→ **The data**:
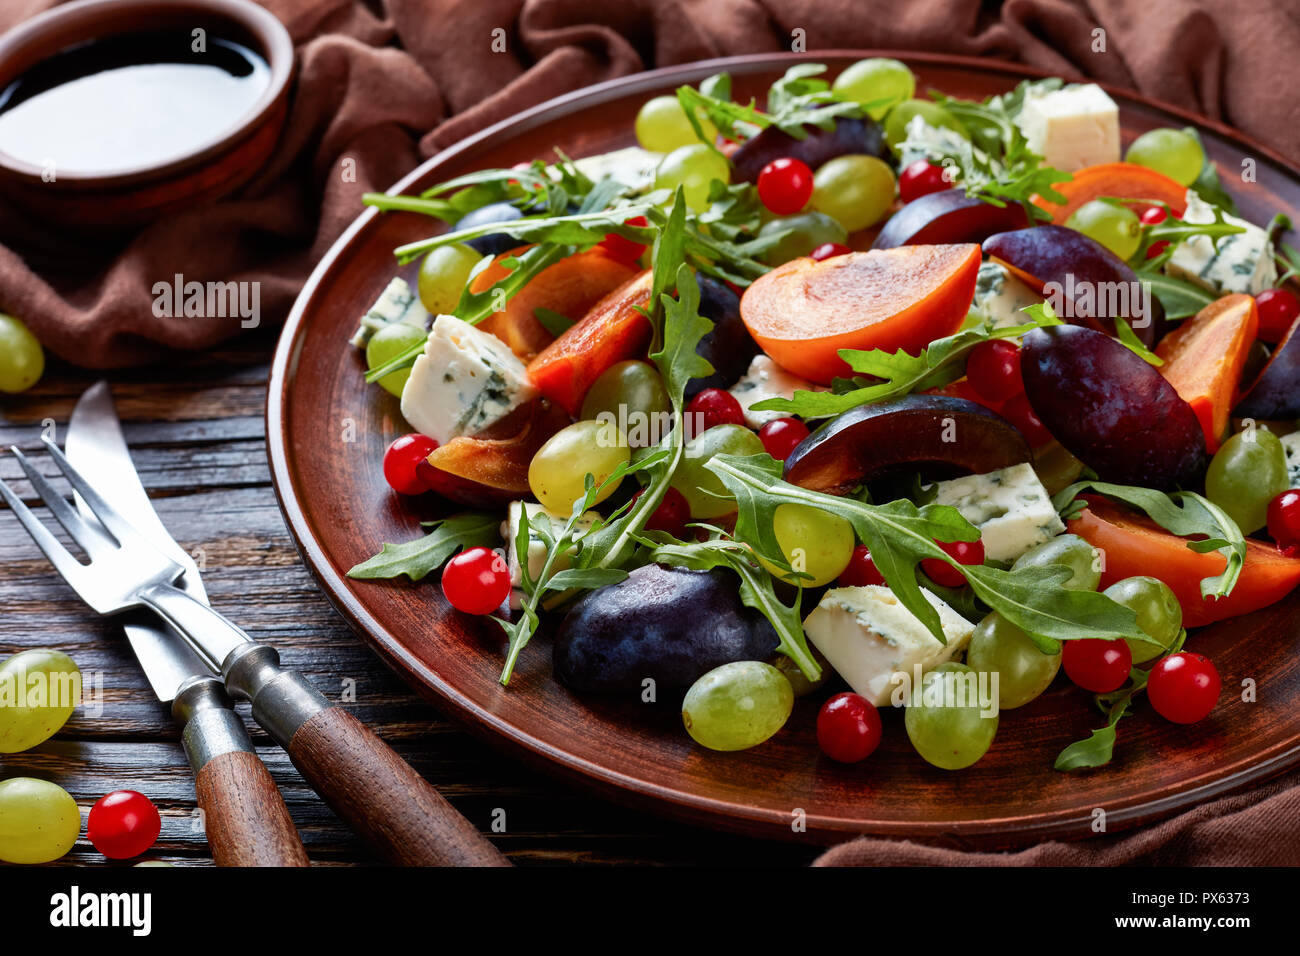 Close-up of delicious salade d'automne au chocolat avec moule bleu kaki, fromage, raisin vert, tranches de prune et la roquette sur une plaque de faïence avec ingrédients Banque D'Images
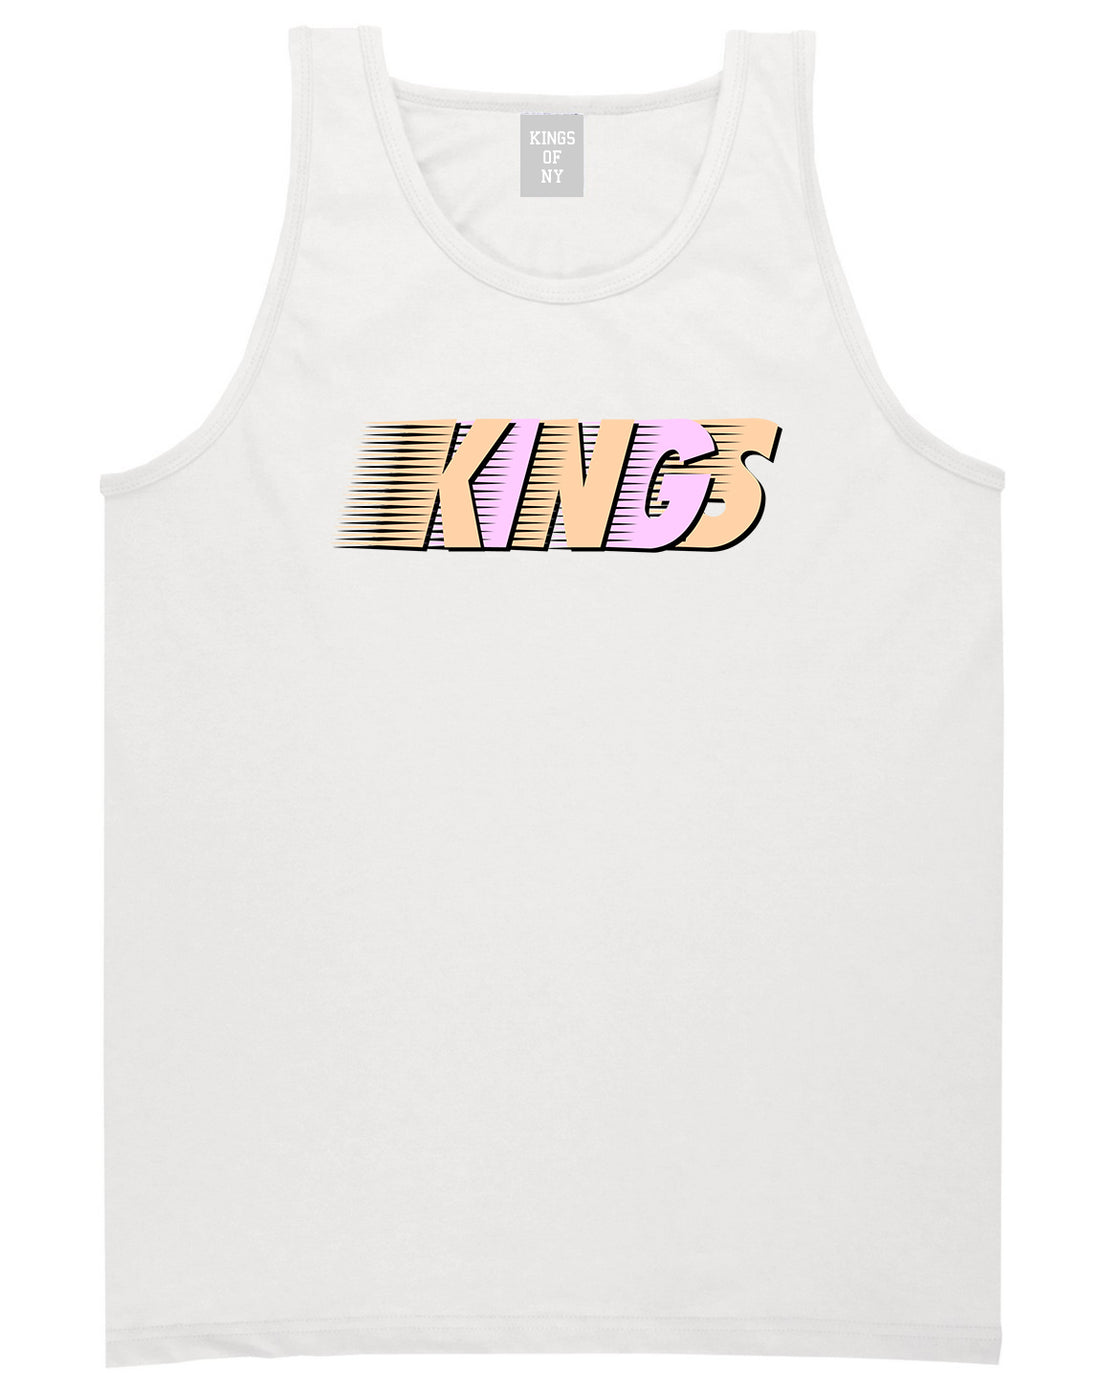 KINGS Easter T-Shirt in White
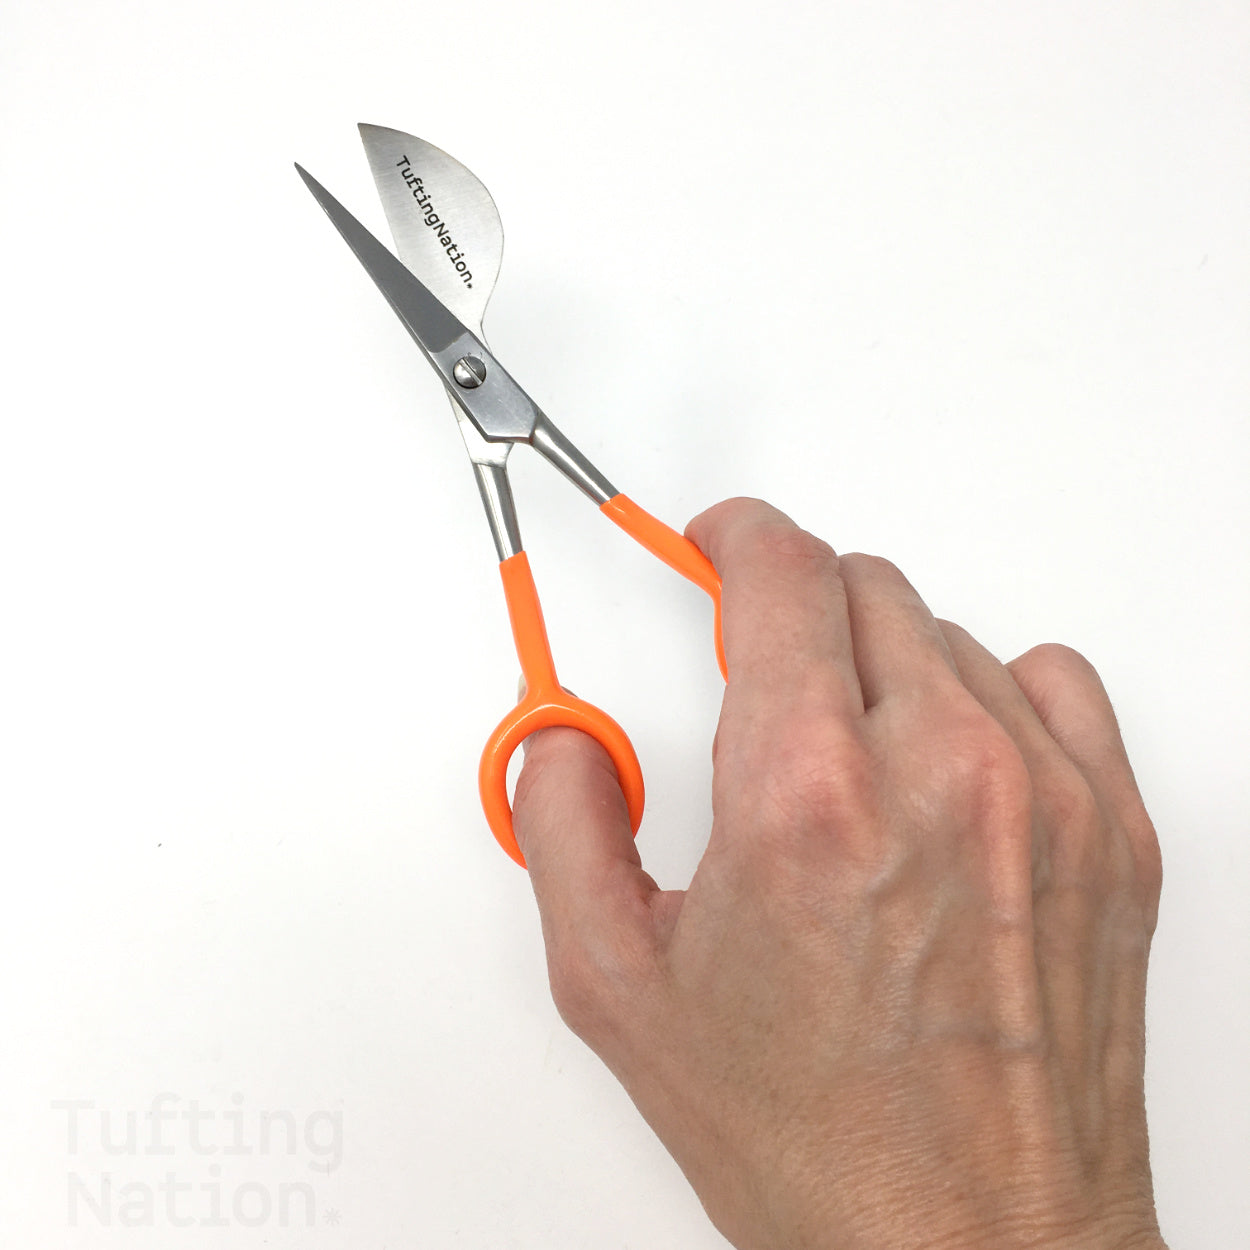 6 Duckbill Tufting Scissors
...
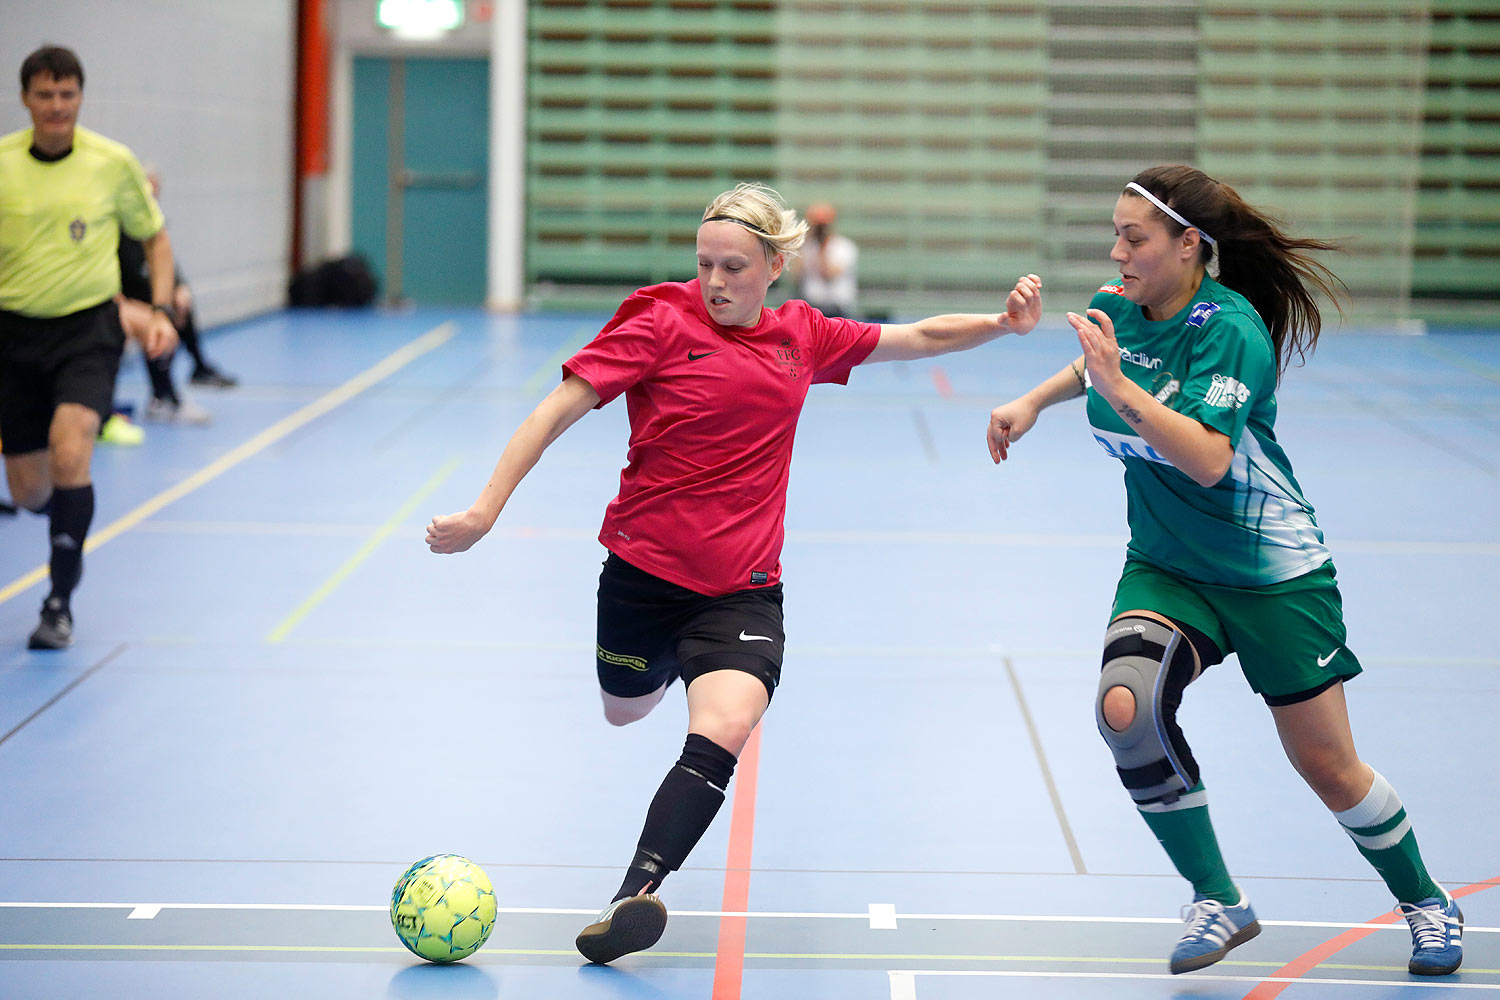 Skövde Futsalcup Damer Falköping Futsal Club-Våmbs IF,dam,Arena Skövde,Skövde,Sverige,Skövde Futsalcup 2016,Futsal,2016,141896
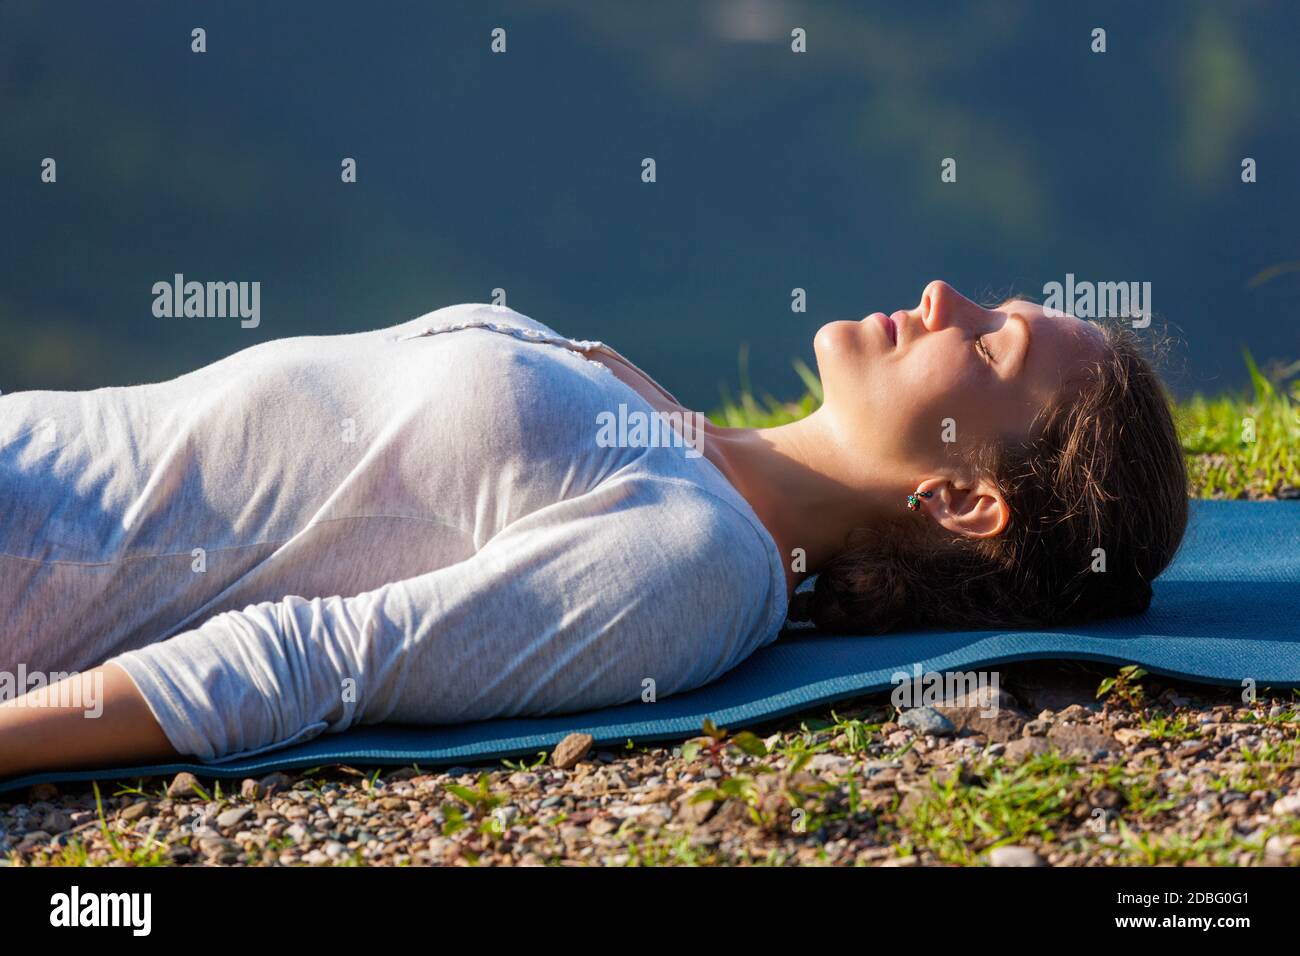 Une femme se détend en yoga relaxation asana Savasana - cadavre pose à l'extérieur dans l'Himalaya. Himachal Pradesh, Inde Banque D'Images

→ **Your objective**:
Look above for the line with "Close-up of delicious" and the line with "6 Duckbill Tufting Scissors", then copy exactly the lines from the first through the second, both kept, with no pictures.

→ **Worked solution**:
 Close-up of delicious salade d'automne au chocolat avec moule bleu kaki, fromage, raisin vert, tranches de prune et la roquette sur une plaque de faïence avec ingrédients Banque D'Images
 KINGS Easter T-Shirt in White
 6 Duckbill Tufting Scissors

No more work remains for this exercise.